Irony is a very effective device in literature and exists in two forms. Verbal irony is a method in which "statements often convey a meaning exactly opposite from their literal meanings."  In situational irony, which is what gives "The Necklace" by Guy de Maupassant its stunning twist in the final lines, "actions often have an effect exactly opposite from what is intended."

Madame Mathilde Loisel is a woman who feels misplaced in her life.  She settled for a marriage with her husband Monsieur Loisel solely because she was not able to marry "higher." She resents the simple home they share and its sparse, plain furnishings, and while her husband dines heartily, she dreams of the riches and finery of the life she feels she should have had.  So resentful is she of her present situation that she even spurns a friendship because the woman is wealthier than she, and the envy this creates for her causes her intense suffering.

When her husband presents her with an invitation to a ball, and then with the money to buy a new dress that she feels will be worthy of the image she wishes to present, she still feels she cannot go without the proper jewelry.  Her husband, wanting nothing more than to make her happy, suggests she borrow a piece from her friend Madame Jeanne Forestier.  Rifling through the jewelry, she fastens on a beautiful diamond necklace.  With this stunning piece adorning her, Mathilde feels she can truly look the part she wishes to portray.

At the ball, Mathilde lives out her fantasy.  She is admired, envied, complimented, and sought after.  However, when arriving home, she realizes with horror that the necklace is missing.  Following fruitless searches, she and her husband buy a replacement, and Madame Forestier is not told of the loss.  This begins a ten-year endeavor to pay back the debts accrued. Mathilde, during this time, knows poverty, sacrifice, and back-breaking work, and the woman she becomes is a mere shadow of the woman she was before the ball.
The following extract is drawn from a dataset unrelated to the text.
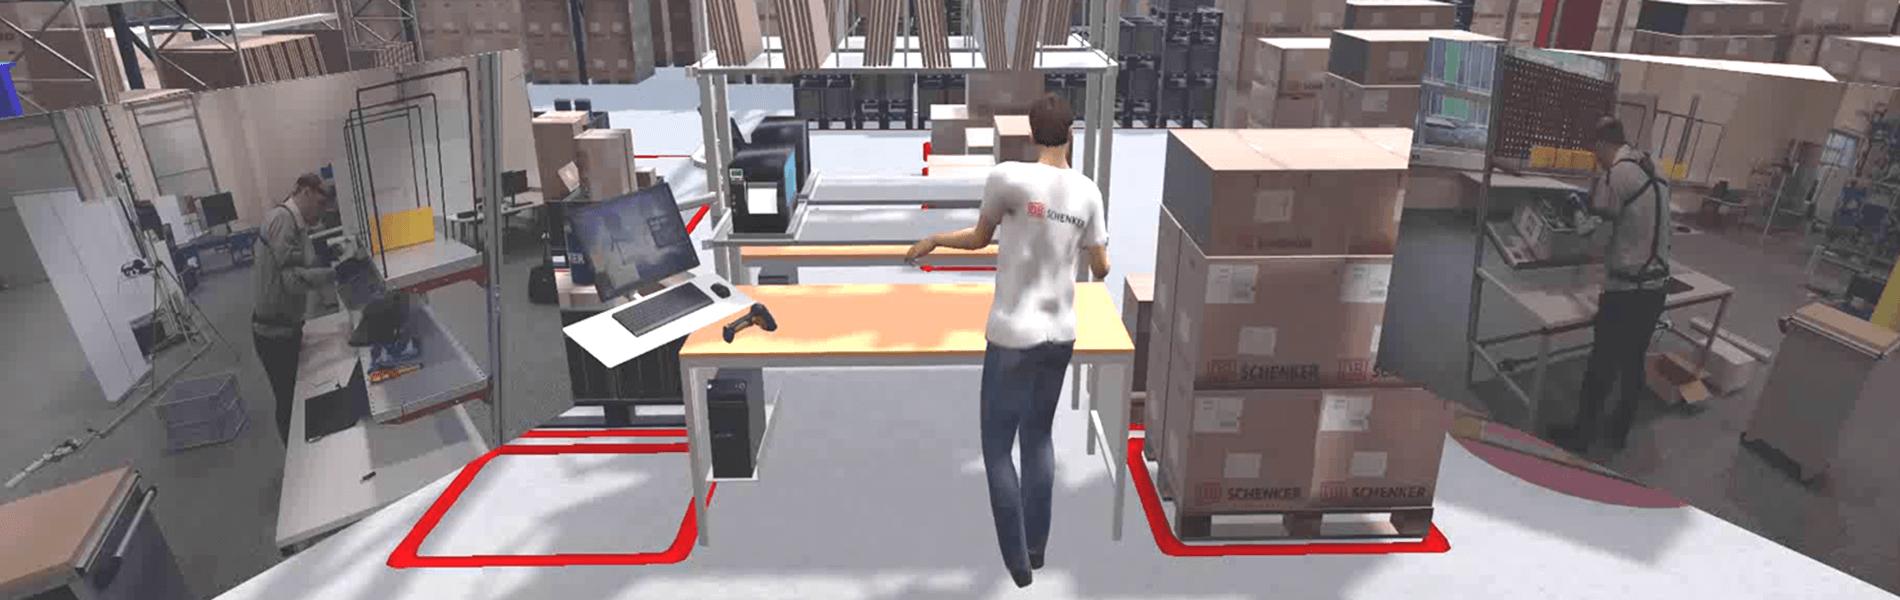 Projekt E-Motion digitalisiert Bewegungsabläufe

When she encounters Madame Forestier after the debts are finally paid, her friend is shocked to see these alterations, and when Mathilde relates the story of the missing necklace, the replacement, and the years of toil and deprivation, Madame Forestier reveals the stunning truth - that the lost necklace was simply costume jewelry, worth a mere fraction of the replacement piece.

This is the situational irony of "The Necklace."  The piece of jewelry that Madame Loisel used to escape the life she had for the duration of the ball was the vehicle for her descent into the life she now lives - "an effect exactly opposite from what (was) intended."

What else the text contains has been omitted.